ACEH - Mantan Perdana Menteri GAM Tgk Malik Mahmud Al Haythar kembali diangkat menjadi Wali Nanggroe Aceh 2023–2028. Ini periode ketiga Malik memimpin lembaga pemangku adat Aceh tersebut.
"Sejak 2013 pertama, ini merupakan kali ketiga saya mengabdikan diri sebagai simbol pemersatu dan perdamaian Aceh dalam konteks, khazanah, sejarah, dan budaya," kata Tgk Malik Mahmud di Banda Aceh, Jumat 15 Desember, disitat Antara.
Dalam prosesi pelantikan yang berlangsung pada Rapat Paripurna Istimewa DPR Aceh itu, Tgk Malik Mahmud melakukan pengukuhan sendiri terhadap dirinya sebagai Wali Nanggroe Aceh.
Momen ini juga dihadiri mantan Wakil Presiden ke-10 dan ke-12 RI Jusuf Kalla dan mantan Menteri Hukum dan HAM sekaligus Ketua Juru Runding Pemerintah RI dalam proses perdamaian MoU Helsinki Hamid Awaluddin.
Terpilihnya kembali Tgk Malik Mahmud sebagai Wali Nanggroe Aceh ini dilakukan secara musyawarah mufakat oleh Majelis Tinggi Wali Nanggroe, Tuha Peut, Tuha Lapan, dan majelis fatwa.
Malik mengatakan lembaga Wali Nanggroe merupakan salah satu implementasi dari kekhususan dan keistimewaan Aceh berdasarkan perjanjian damai MoU Helsinki dan pasal-pasal dalam UU Nomor 11 Tahun 2006 tentang Pemerintahan Aceh (UUPA).
"Saya terus melakukan upaya bersifat internal dan kerja-kerja lainnya. Bekerja demi proses terimplementasikannya MoU Helsinki," kata Malik.
BACA JUGA:
Pada kesempatan itu, Penjabat Gubernur Aceh Achmad Marzuki mendoakan Tgk Malik Mahmud dimudahkan oleh Allah SWT dalam menjalankan amanah sebagai pemersatu masyarakat Aceh, pengawal perdamaian, pembina keagungan dinul Islam, dan kelestarian kehidupan adat, budaya dan tamadun Aceh.

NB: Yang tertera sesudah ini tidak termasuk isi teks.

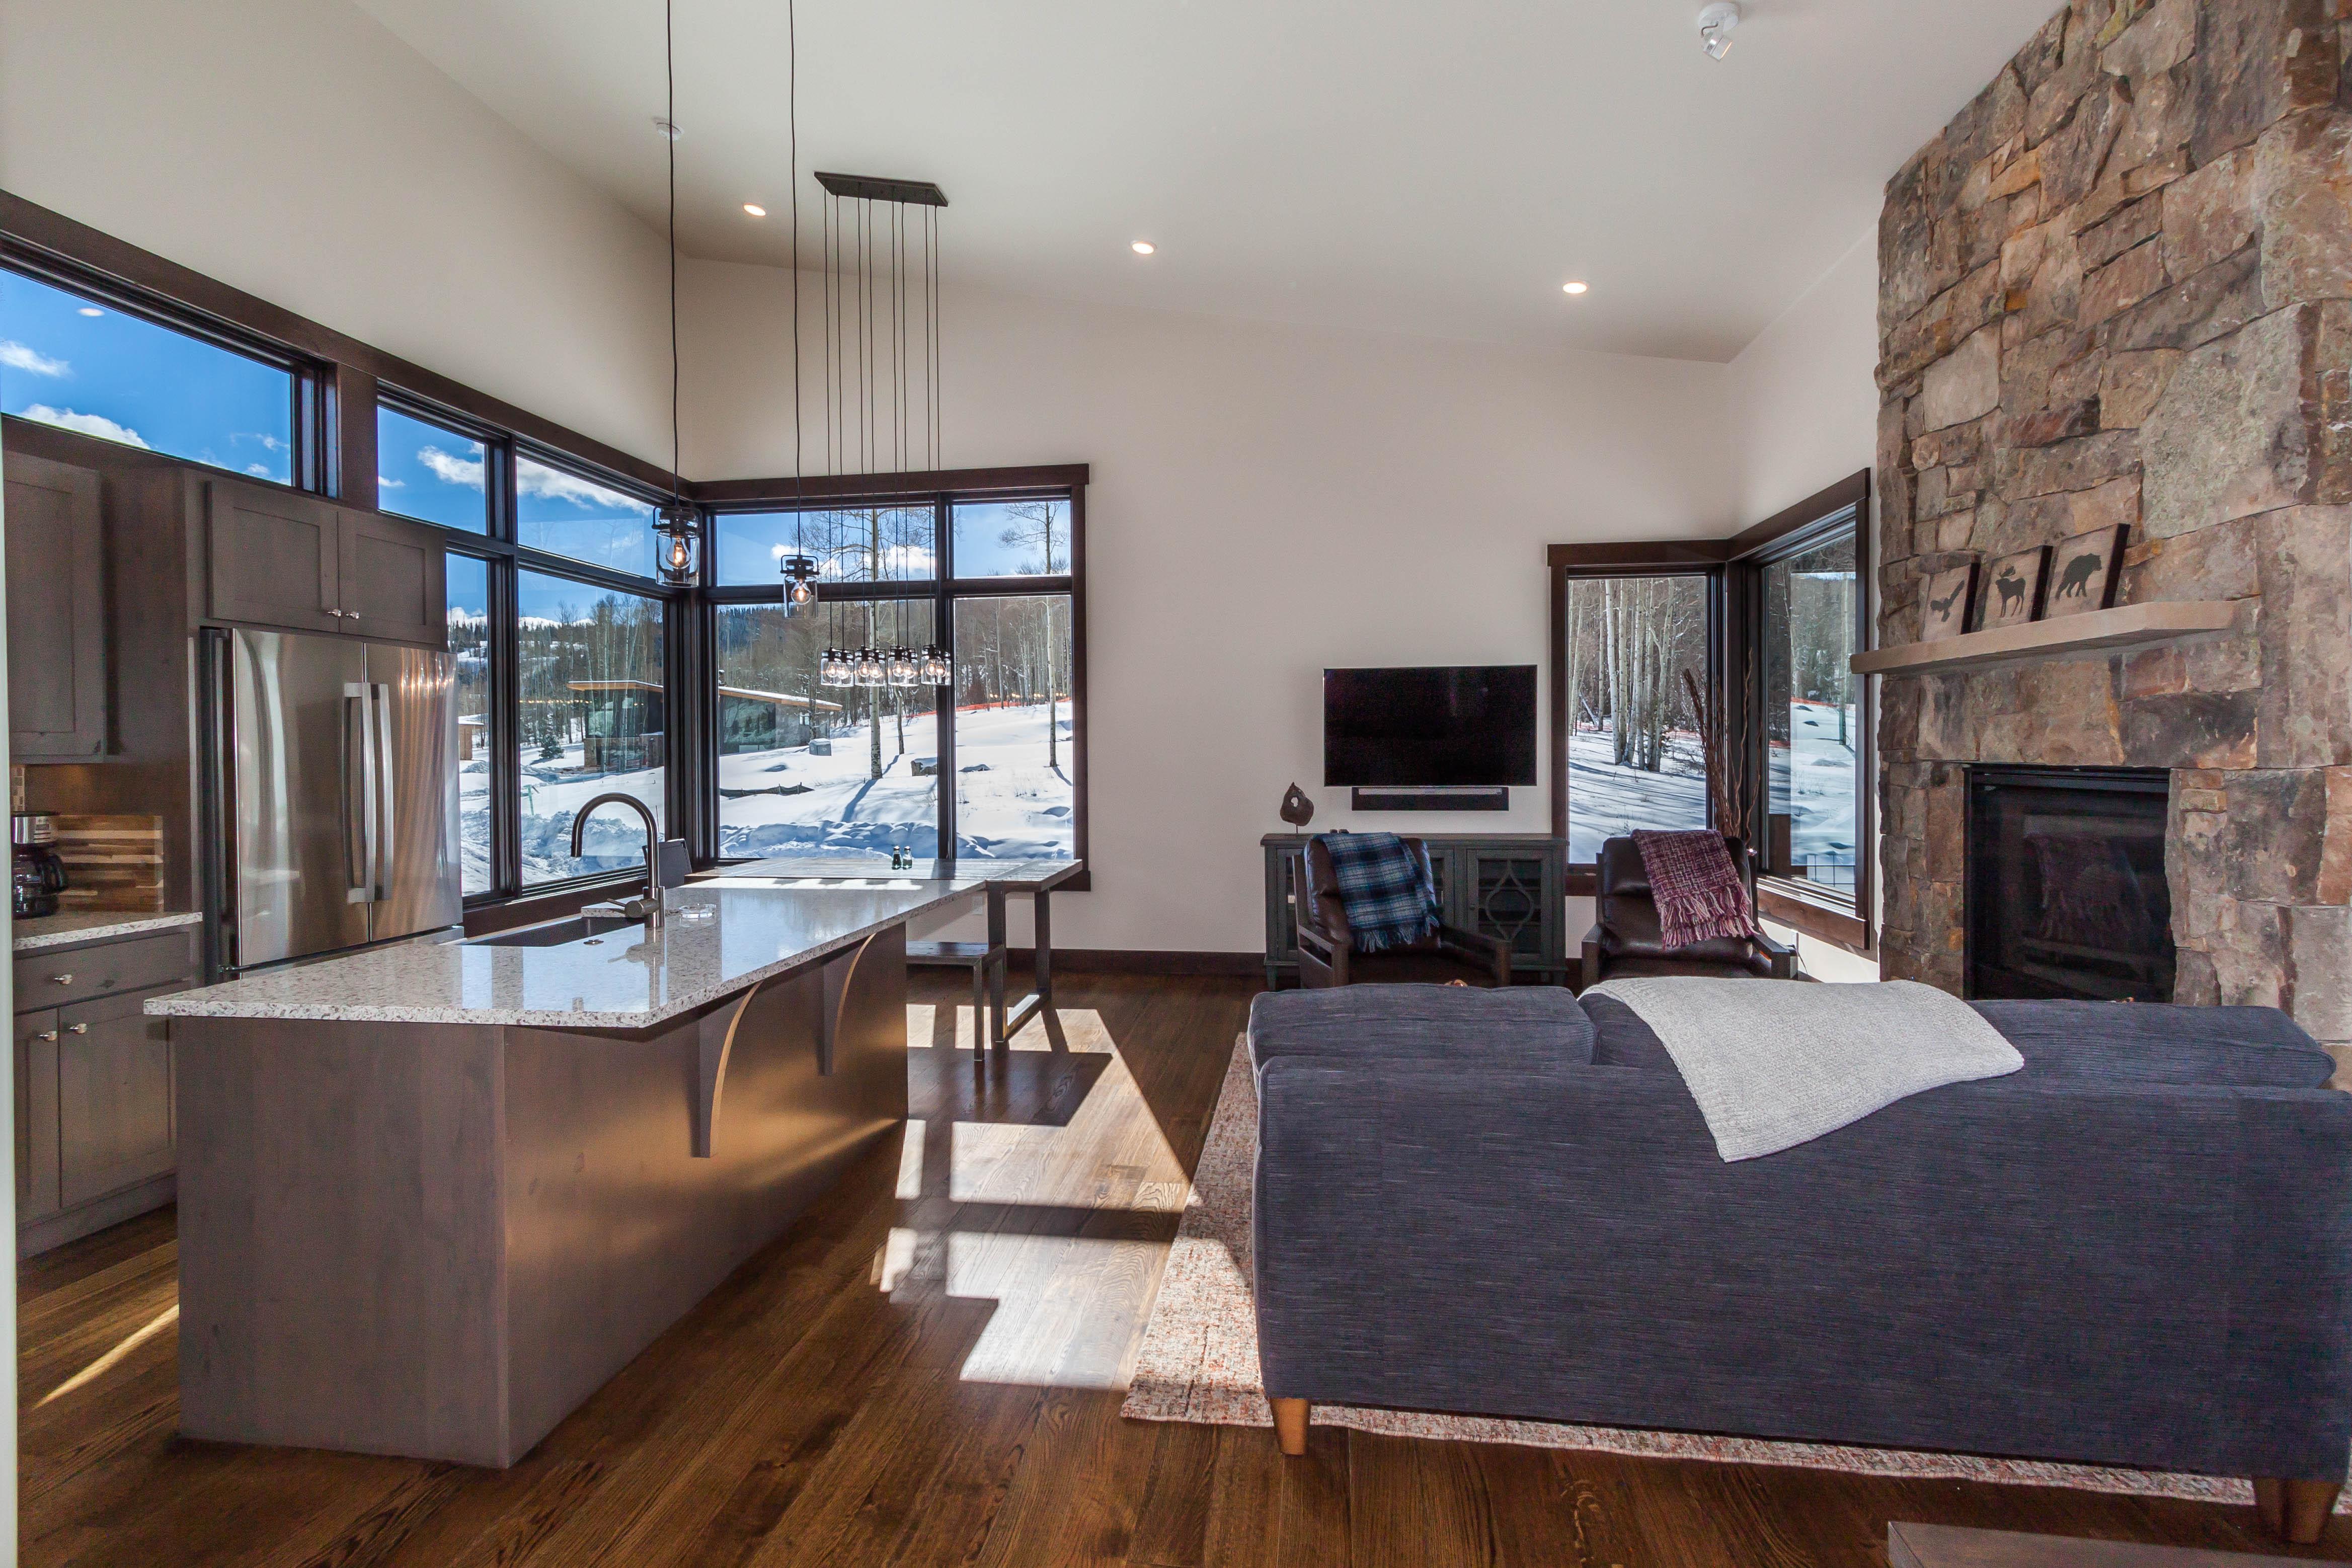 Keystone colorado vacation rentals summit county for Keystone colorado cabin rentals

Menurut ia, kehadiran lembaga Wali Nanggroe merupakan amanah dan perintah ketentuan UUPA sehingga keberadaannya harus disyukuri.
"Semoga ke depannya terus dapat menjalankan peran dalam pembangunan, mempersatukan masyarakat Aceh, melestarikan adat dan budaya," katanya.
"Kami berterima kasih karena selama ini telah memberikan pertimbangan, bimbingan, usulan dan saran dalam menjalankan roda pemerintahan Aceh, khususnya dalam menjaga keistimewaan dan kekhususan Aceh," tambah Achmad Marzuki.